— Лучше не надо, — предостерег я ее, не отрывая взгляда от газеты, — потому как вы значитесь седьмым пунктом в повестке дня следующего заседания правления.
— А кто будет выступать с моим вопросом? — с беспокойством в голосе спросила Кэти.
— Не я, это уж точно, — ответил я. — И мне не приходит в голову никто другой, кто бы смог сделать это.
Следующие две недели, проходя всякий раз в свою спальню мимо комнаты Кэти, я обращал внимание на то, что стук пишущей машинки больше не доносится. В конце концов меня разобрало такое любопытство, что однажды я даже заглянул в приоткрытую дверь ее спальни. Кэти стояла перед зеркалом. Рядом с ней на подставке находился большой белый планшет, усеянный множеством цветных флажков и стрелок.
— Уйдите, — бросила она, не оборачиваясь. Я понял, что мне ничего не остается, как только ждать заседания правления.
Доктор Аткинз предупредил меня, что публичное выступление может оказаться для девушки слишком тяжелым испытанием и что я должен быть готов к тому, чтобы отправить ее домой, если у нее начнут проявляться признаки переутомления.
— Смотрите, не давите на нее слишком сильно, — повторил он в заключение.
— Я не позволю этому случиться, — пообещал я.
В четверг утром все члены правления сидели на своих местах вокруг стола за три минуты до начала заседания. Оно началось на спокойной ноте с извинений за отсутствие, за которыми последовала раздача стенограмм последнего собрания. Тем не менее Кэти пришлось ждать около часа, потому что, когда мы подошли к третьему вопросу повестки дня, который не стоил выеденного яйца и предусматривал простое принятие решения о возобновлении нашей страховки в банке «Пруденшл», Найджел Трентам воспользовался этим предлогом, чтобы вывести меня из равновесия.

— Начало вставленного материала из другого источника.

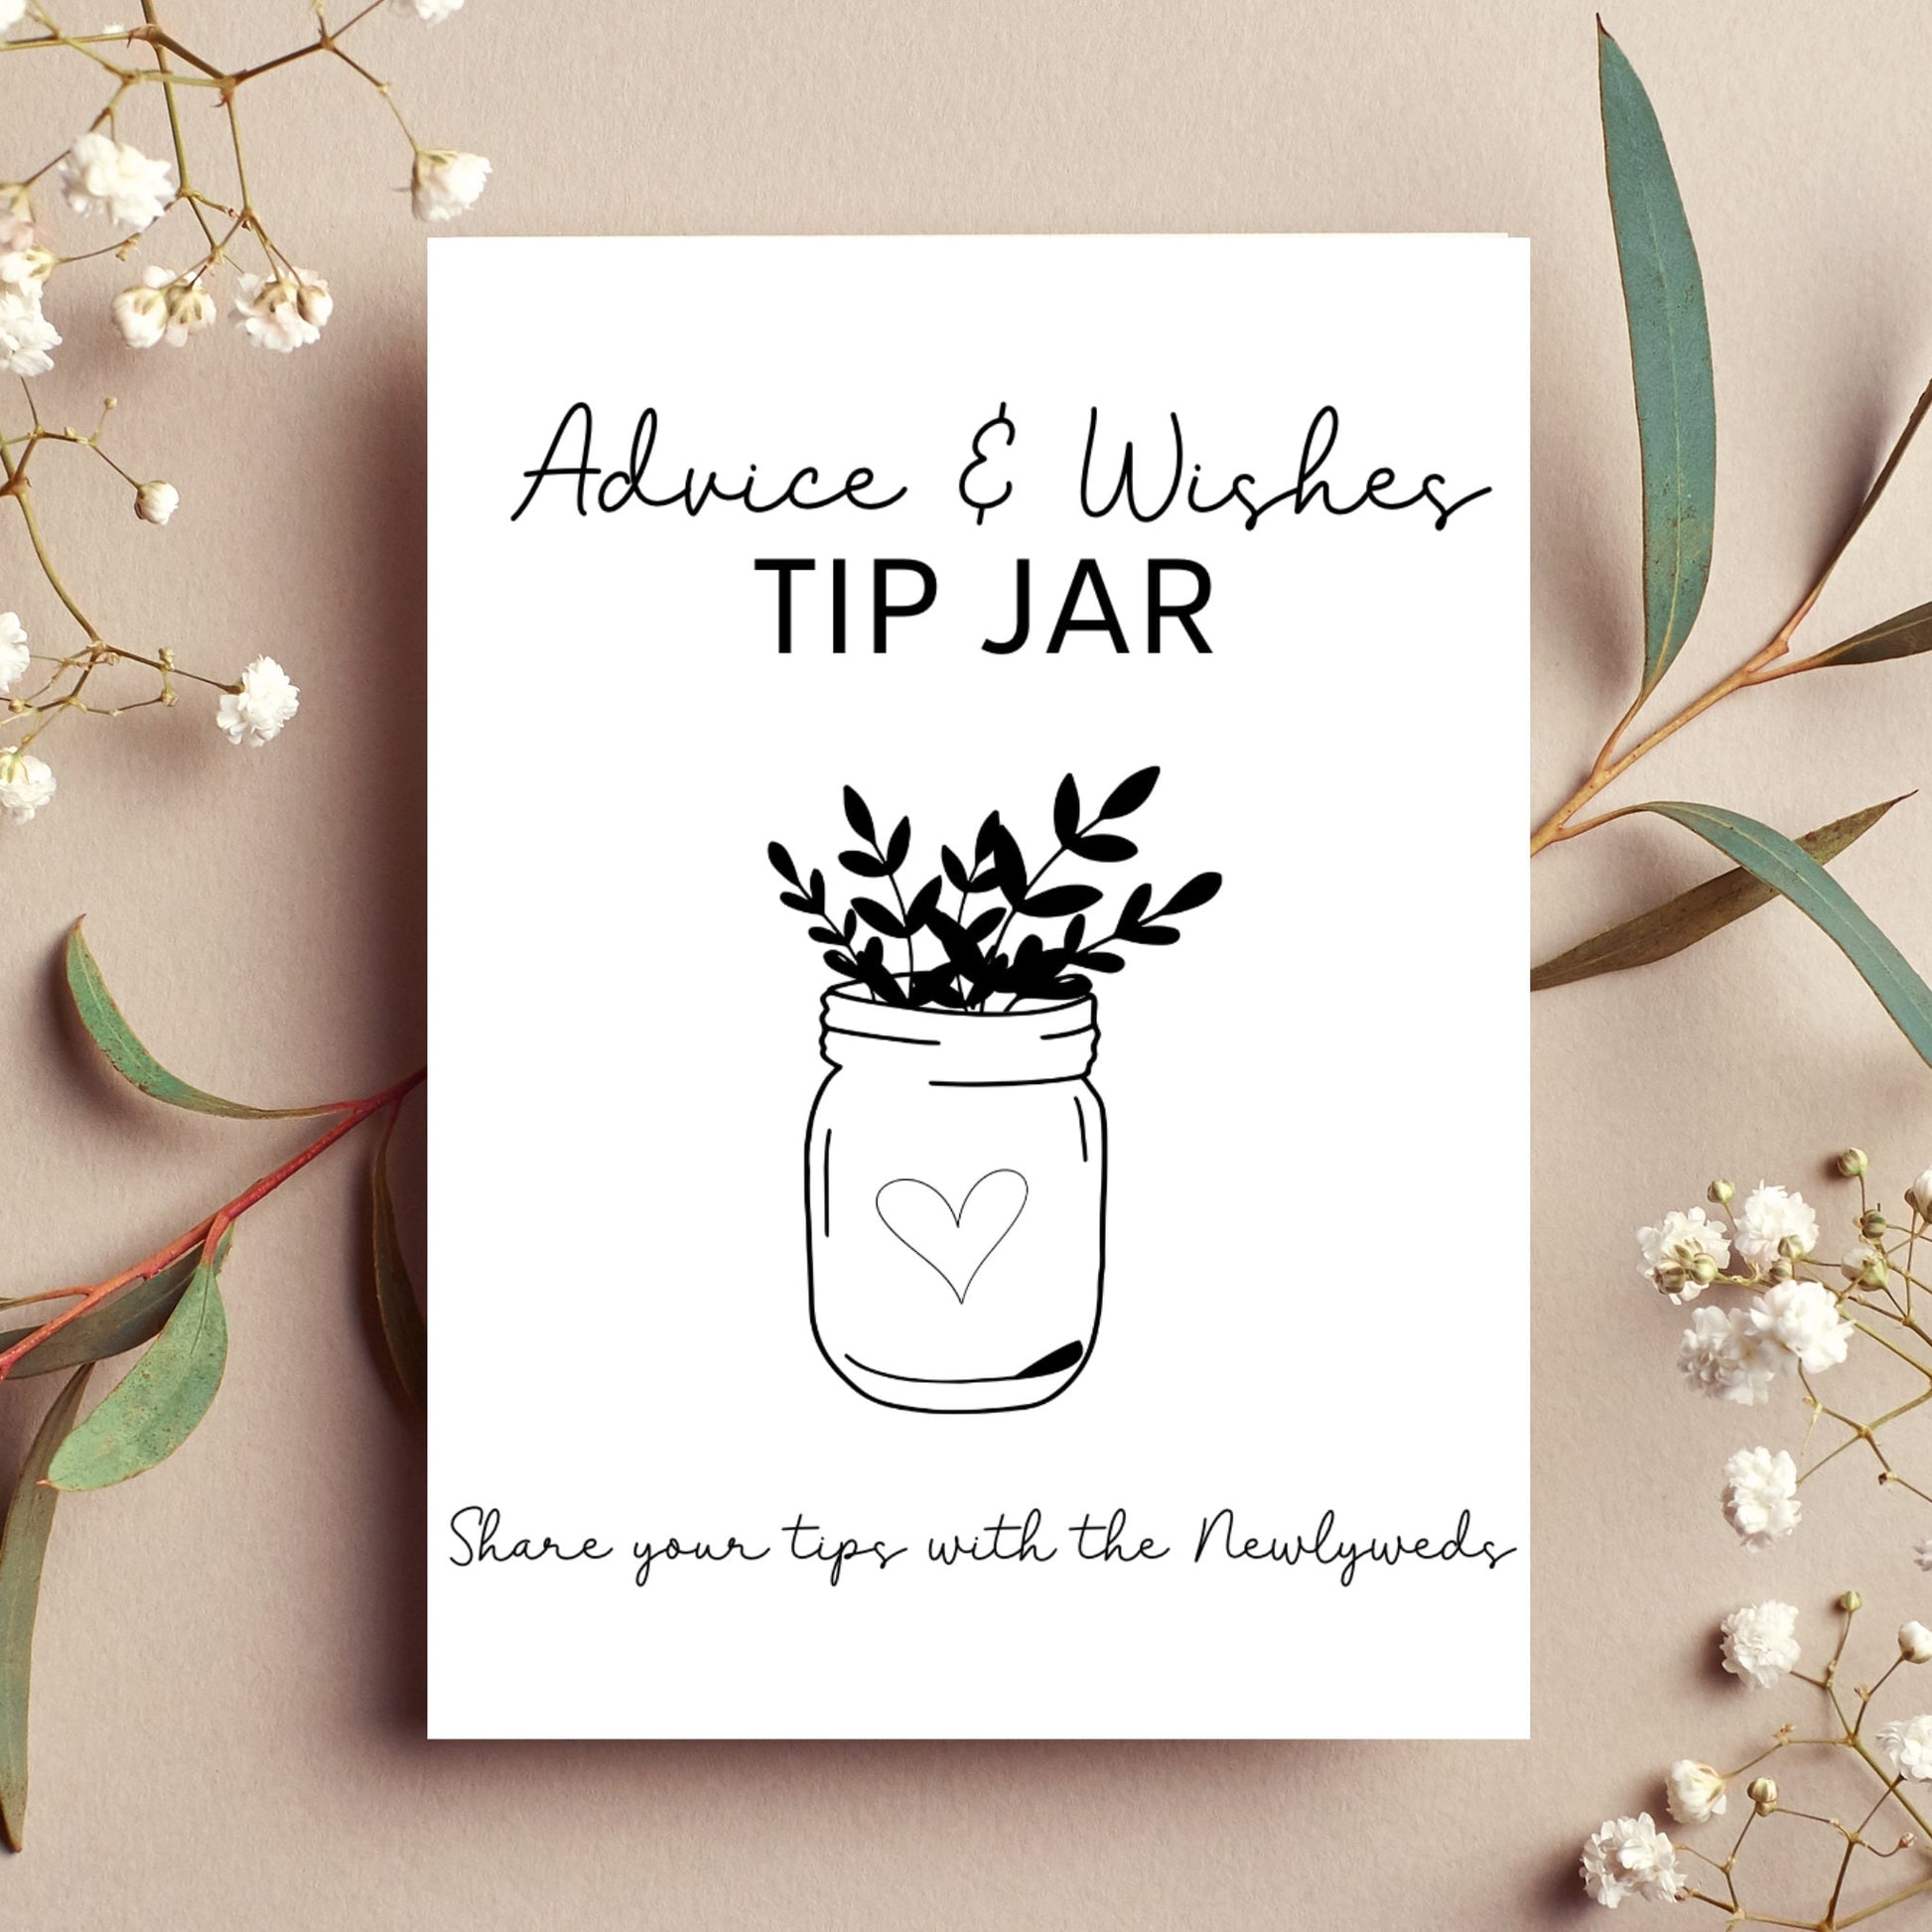 Wedding Advice Bride & Groom Well Wishes Card Printable, Minimalist Bridal Shower Party Game, Wedding Shower Couple Advice Tip Jar Sign
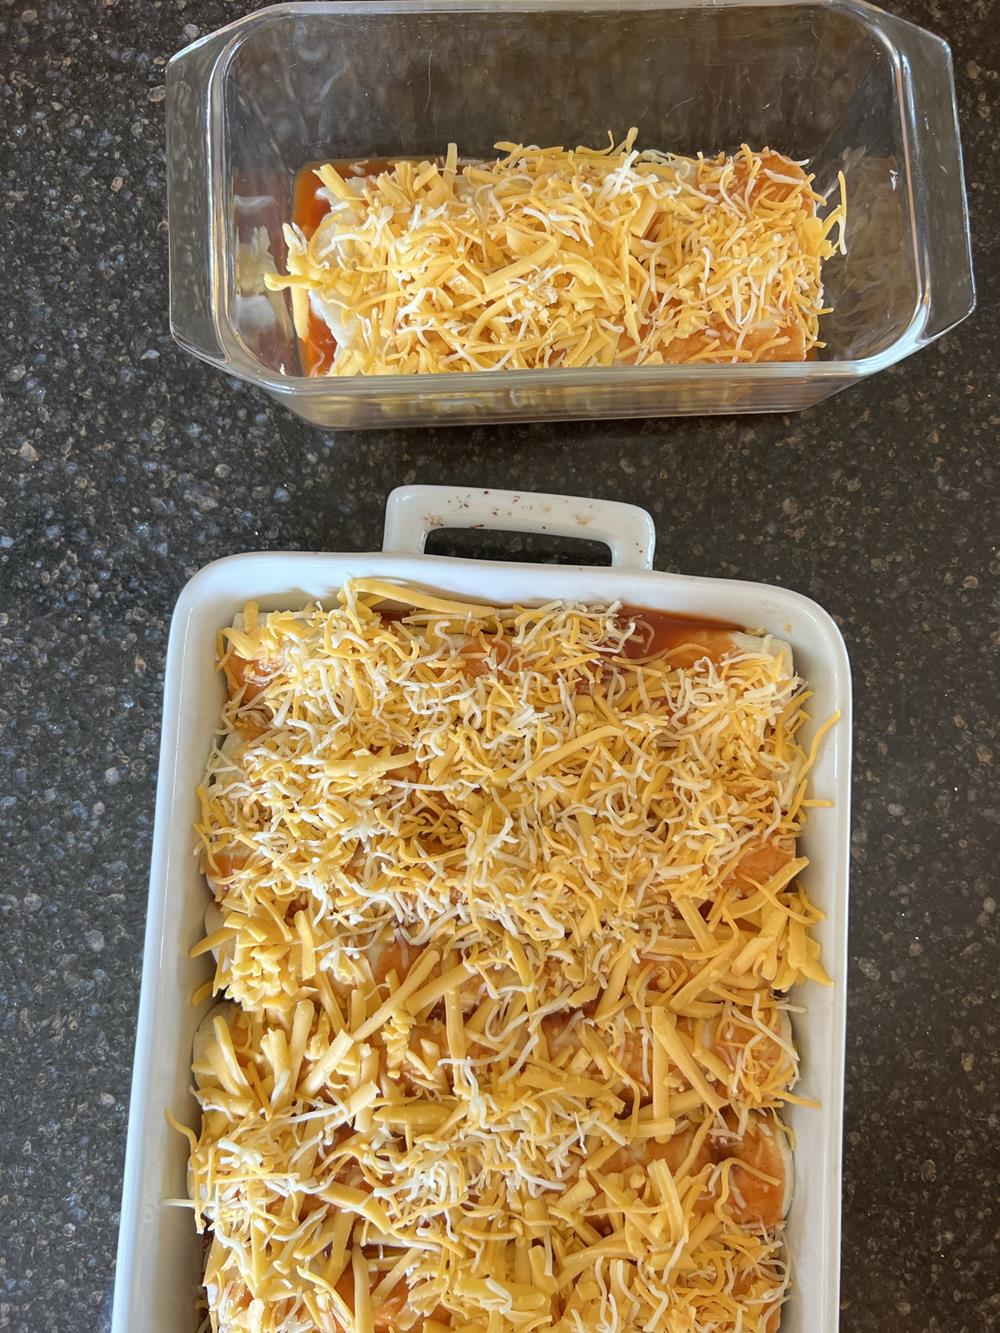 enchiladas in two pans one glass and one white

Я, может быть, и вышел бы из себя, если бы не видел, что ему очень хочется этого.
— Мне кажется, что настало время поменять банк, господин председатель, — заявил он. — Я предлагаю перевести наш полис в «Лигал энд Дженерал».
Я посмотрел туда, где сидел человек, одно присутствие которого всегда напоминало мне о Гае Трентаме и о том, как он мог бы выглядеть к своим пятидесяти годам. Младший брат носил щегольский двубортный костюм, который успешно скрывал его полноту. Однако двойной подбородок и лысину скрыть было невозможно.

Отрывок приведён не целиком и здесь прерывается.